An analytical late-Universe approach to the weaving of modern cosmology

TL;DR

This paper combines multiple late-Universe cosmological probes to independently test the standard model and its extensions, analyzing parameter constraints and probe synergies to address tensions in cosmological measurements.

Contribution

It introduces a comprehensive analysis of late-Universe probes, characterizing degeneracies and quantifying the contribution of each to cosmological parameter estimation.

Findings

Full probe combination yields H0=67.2+3.4-3.2 km/s/Mpc

Measured w0=-0.91+0.07-0.08 in flat wCDM model

Identified degeneracy directions and probe synergies

Abstract

Combining cosmological probes has consolidated the standard cosmological model with percent precision, but some tensions have recently emerged when certain parameters are estimated from the local or primordial Universe. The origin of this behaviour is still under debate, however, it is crucial to study as many probes as possible to cross-check the results with independent methods and provide additional pieces of information to the cosmological puzzle.

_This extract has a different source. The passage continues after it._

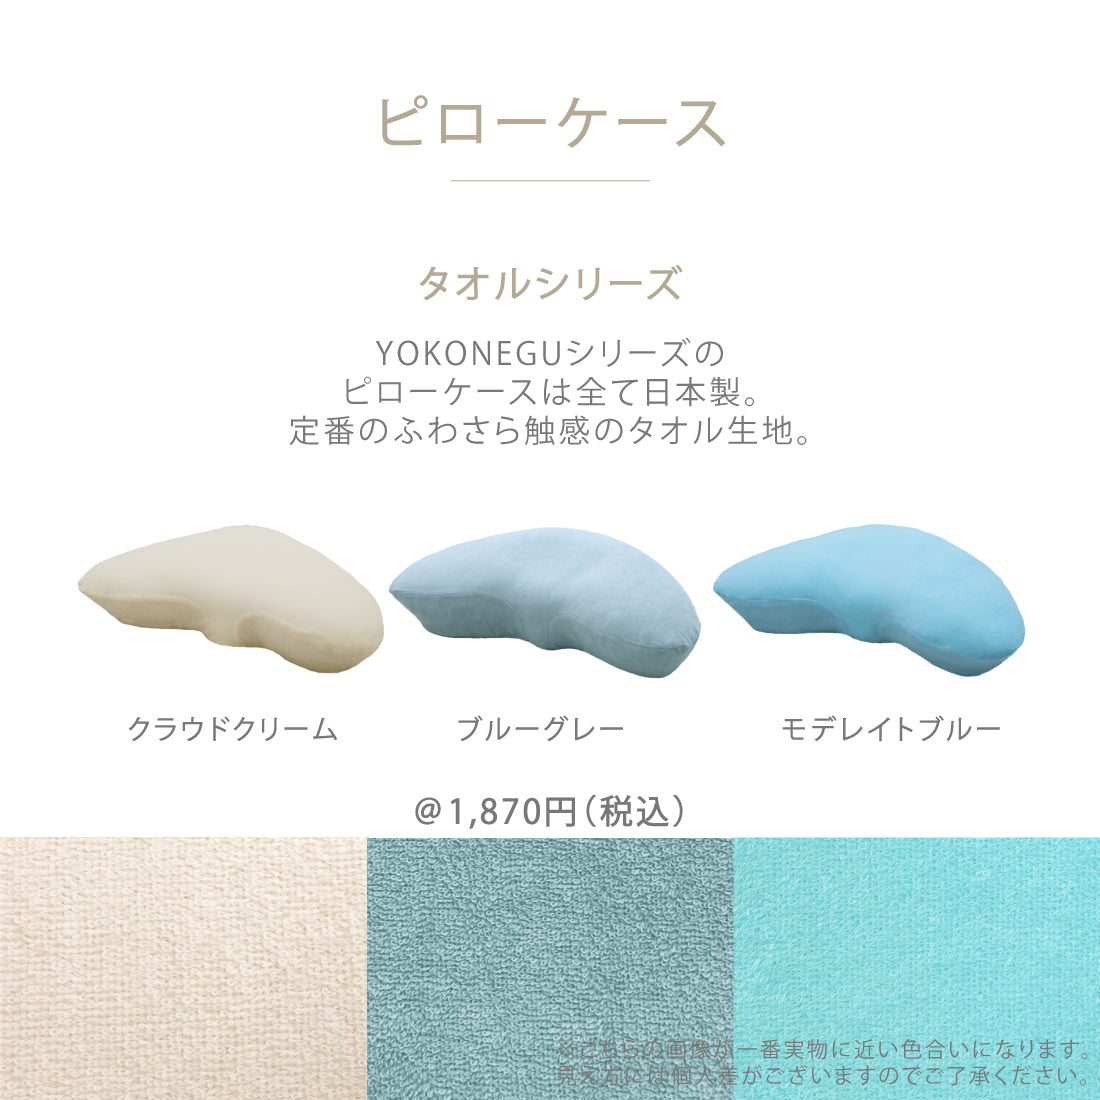 横向き寝専用まくら【YOKONEGU】 創業60年以上の老舗寝具メーカー 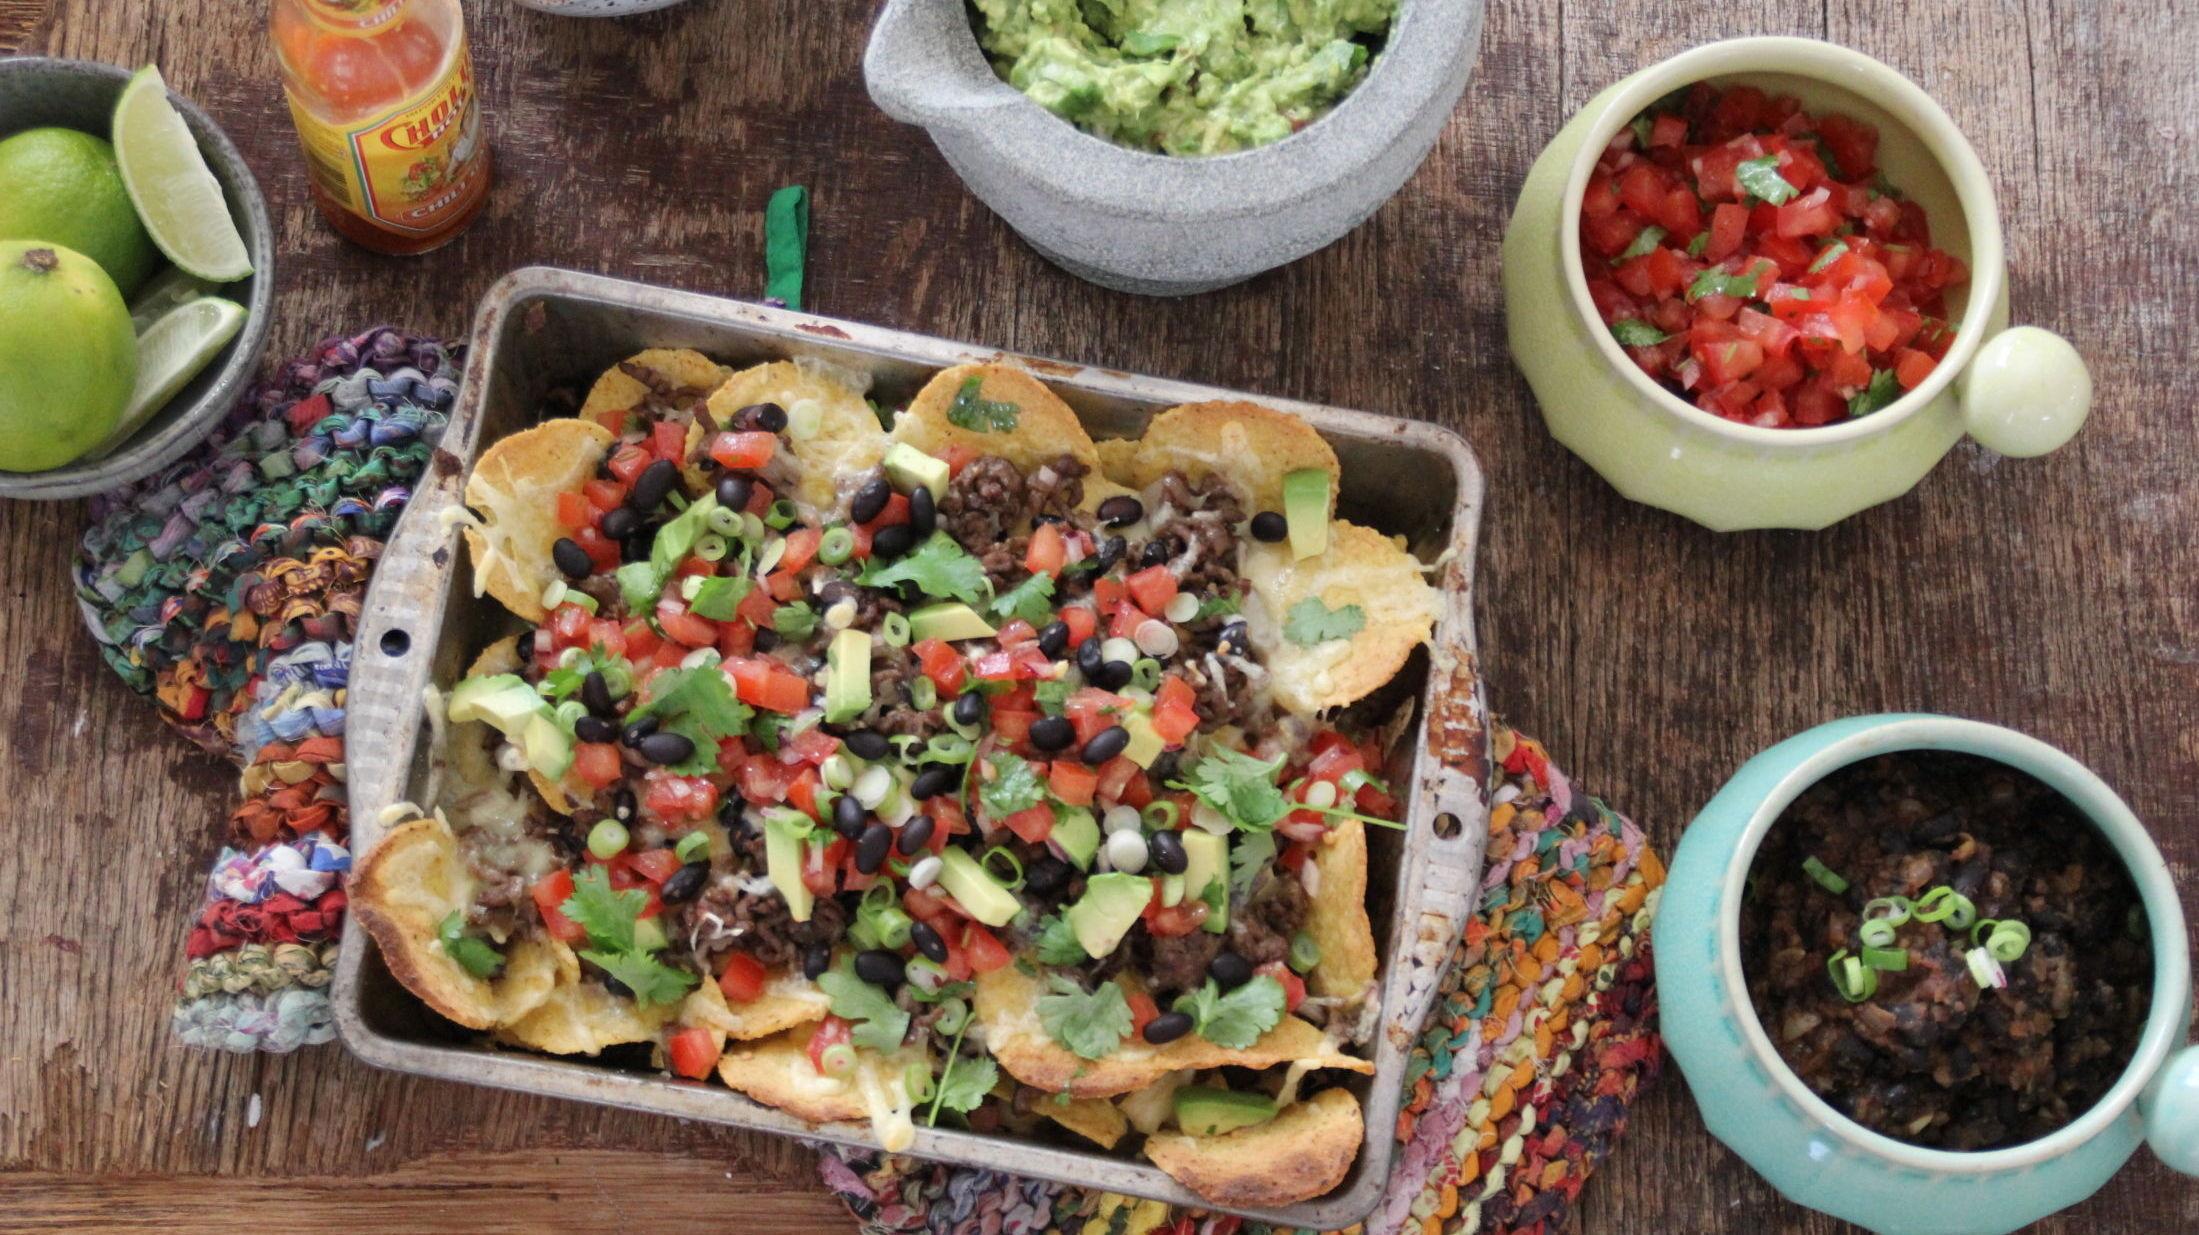 FIESTA: Meksikansk-inspirert nachos servert med frisk salsa, guacamole og rømme til er et enkelt måltid full av deilige smaker, som både kan serveres til venner eller nytes alene. Foto: Ina Johnsen

In this work, by combining several late-Universe probes (0$<z<$10), namely, Type Ia SuperNovae, Baryon Acoustic Oscillations, Cosmic Chronometers and Gamma-Ray Bursts, we aim to derive cosmological constraints independently of local or early-Universe anchors. To test the standard cosmological model and its various extensions, considering an evolving Dark Energy Equation of State and the curvature as a free parameter, we analyse each probe individually and all their possible permutations. Assuming a flat $\Lambda$CDM model, the full combination of probes provides $H_0=67.2^{+3.4}_{-3.2}$ km s$^{-1}$ Mpc$^{-1}$ and $\Omega_m=0.325\pm0.015$ (68$\%$ C.L.). Considering a flat $w$CDM model, we measure $w_0=-0.91^{+0.07}_{-0.08}$ (68$\%$ C.L.), while by relaxing the flatness assumption ($\Lambda$CDM model, 95$\%$ C.L.) we obtain $\Omega_k=0.125^{+0.167}_{-0.165}$. Finally, we analytically characterize the degeneracy directions and the relative orientation of the probes' contours. By calculating the Figure-of-Merit, we quantify the synergies among independent methods, estimate the constraining power of each probe and identify which provides the best contribution to the inference process. Pending the new cosmological surveys, this study confirms the exigency for new emerging probes in the landscape of modern cosmology.